▸ **WHAT YOU ARE ASKED TO DO**:
In the entries below, find the line with "10 dirhams, 1985" and the line with "Steph Curry City Emblem Throw". Reproduce those two lines and every line between them exactly, and nothing more.
══ INFORMATION ══
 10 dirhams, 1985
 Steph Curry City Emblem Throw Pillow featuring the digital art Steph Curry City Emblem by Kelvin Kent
═══
══ INFORMATION ══
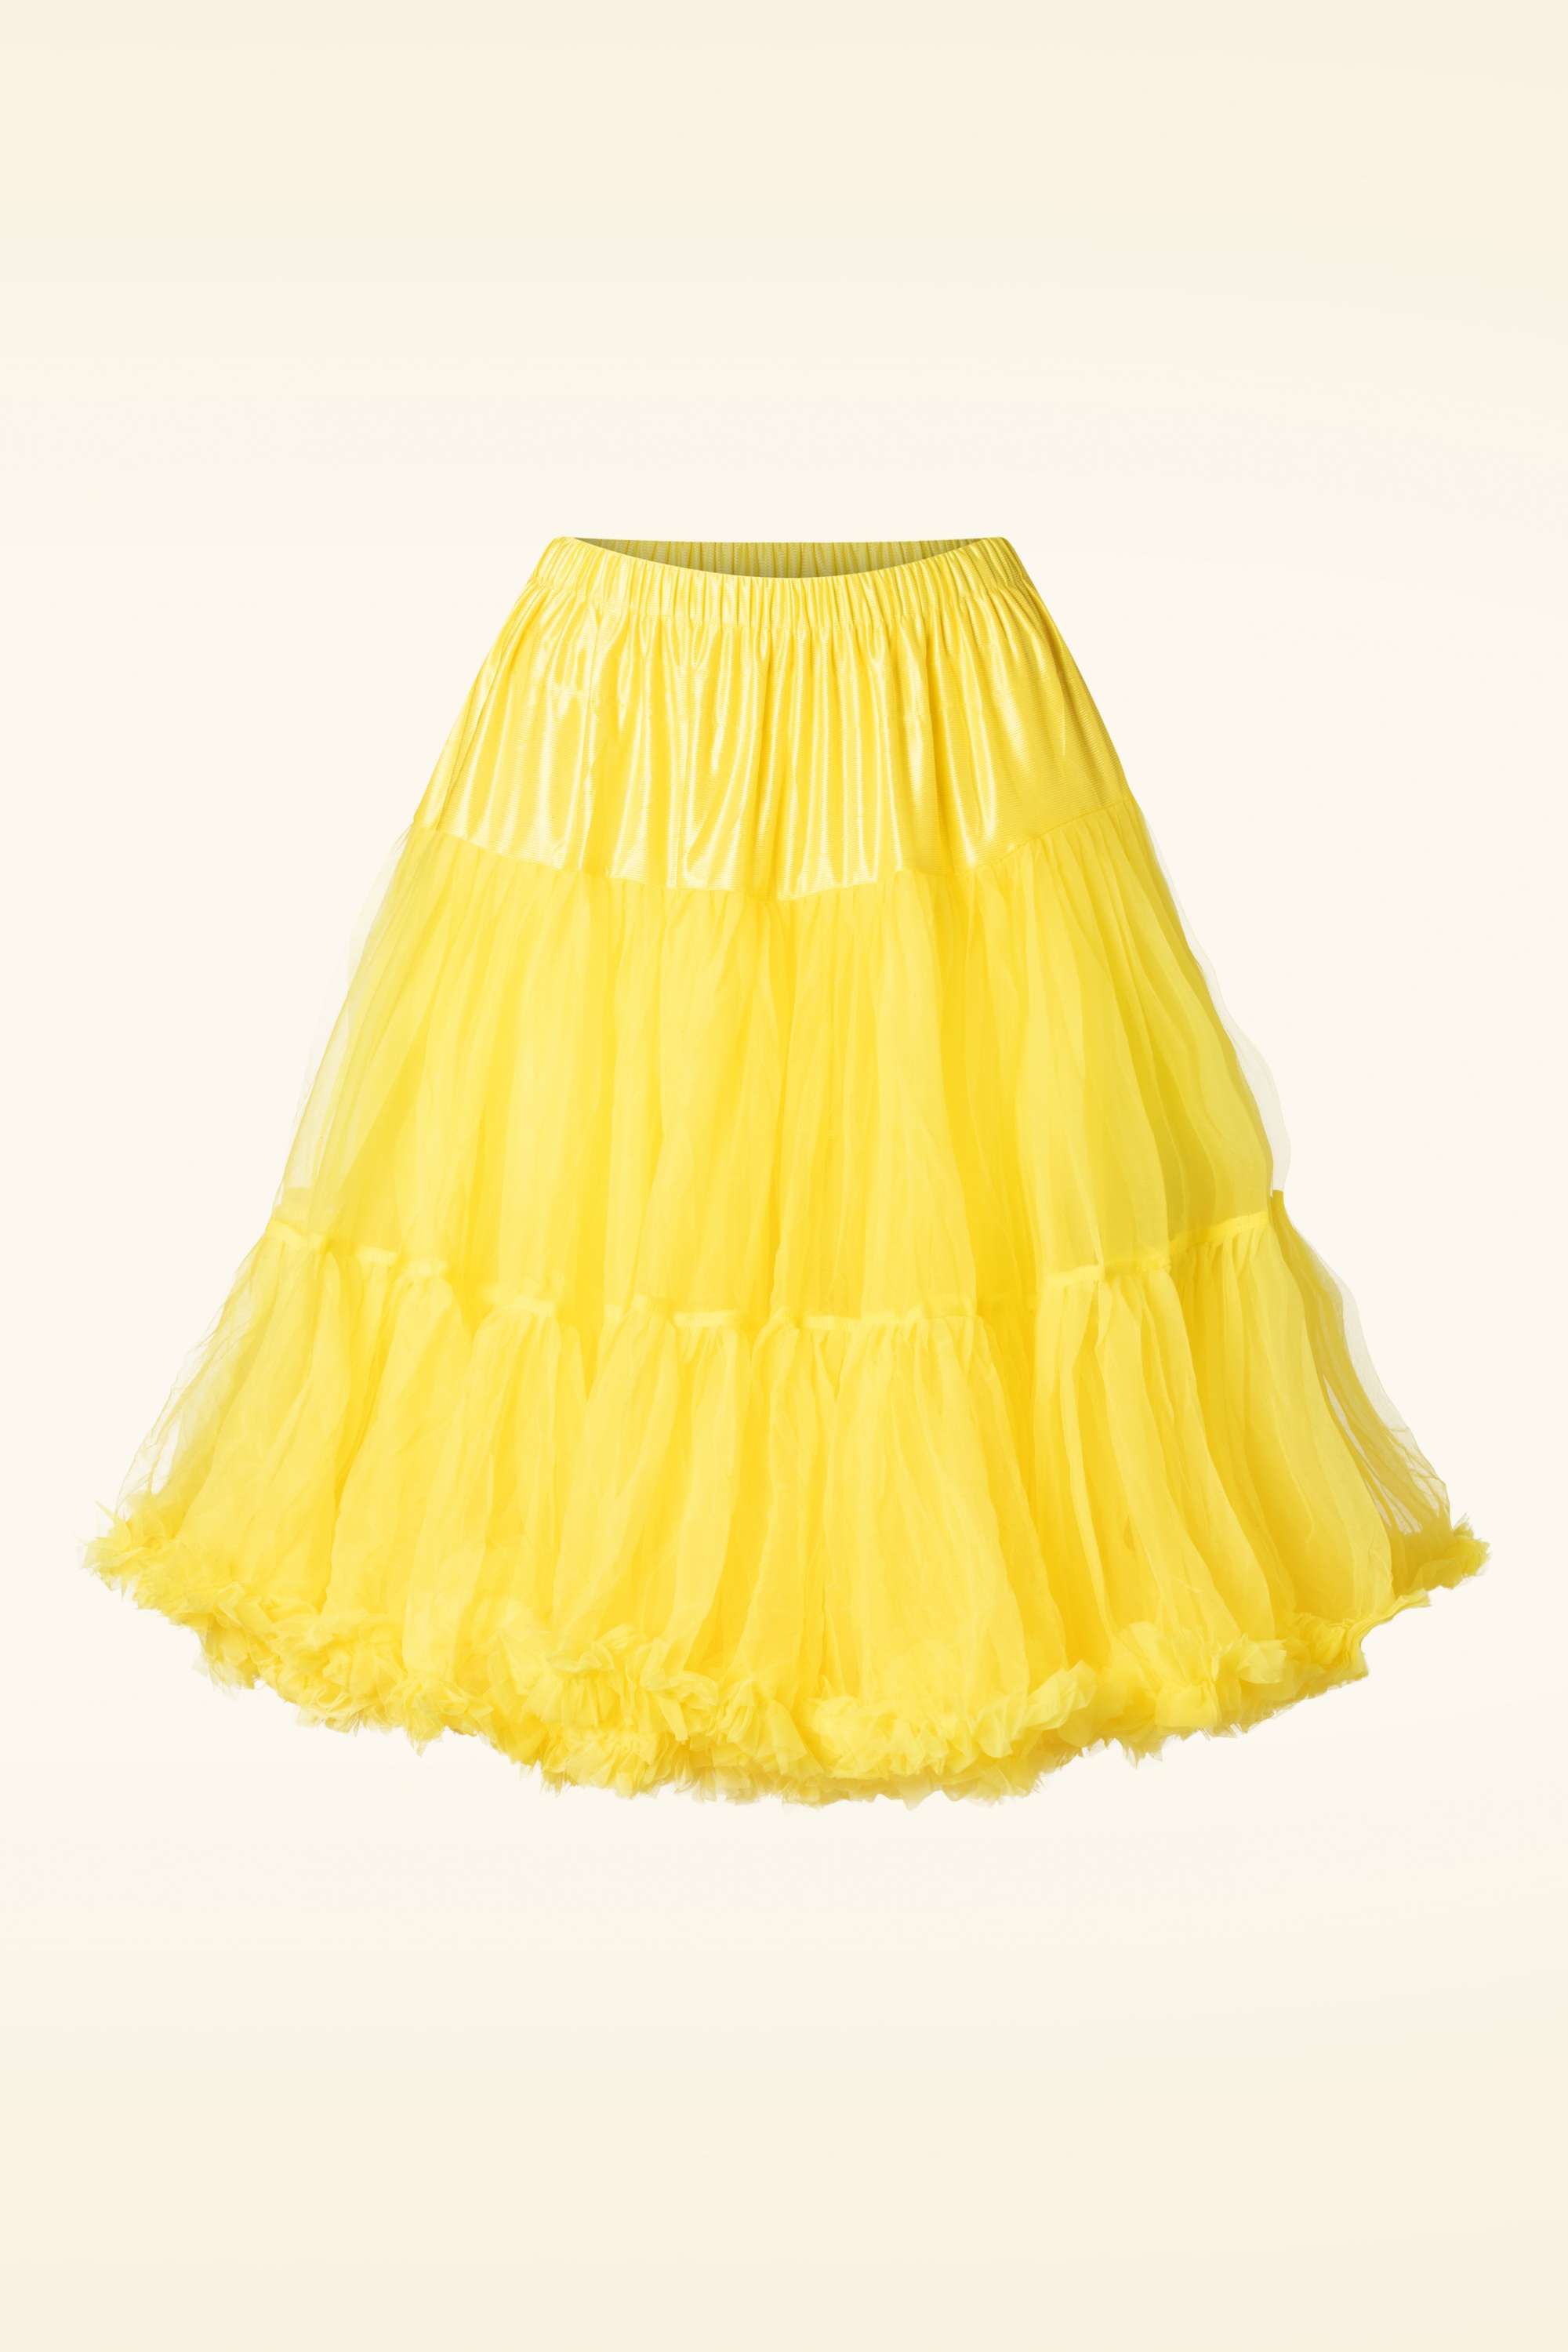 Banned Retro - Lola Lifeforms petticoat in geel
═══
▸ **THE ANSWER**:
 10 dirhams, 1985
 Steph Curry City Emblem Throw Pillow featuring the digital art Steph Curry City Emblem by Kelvin Kent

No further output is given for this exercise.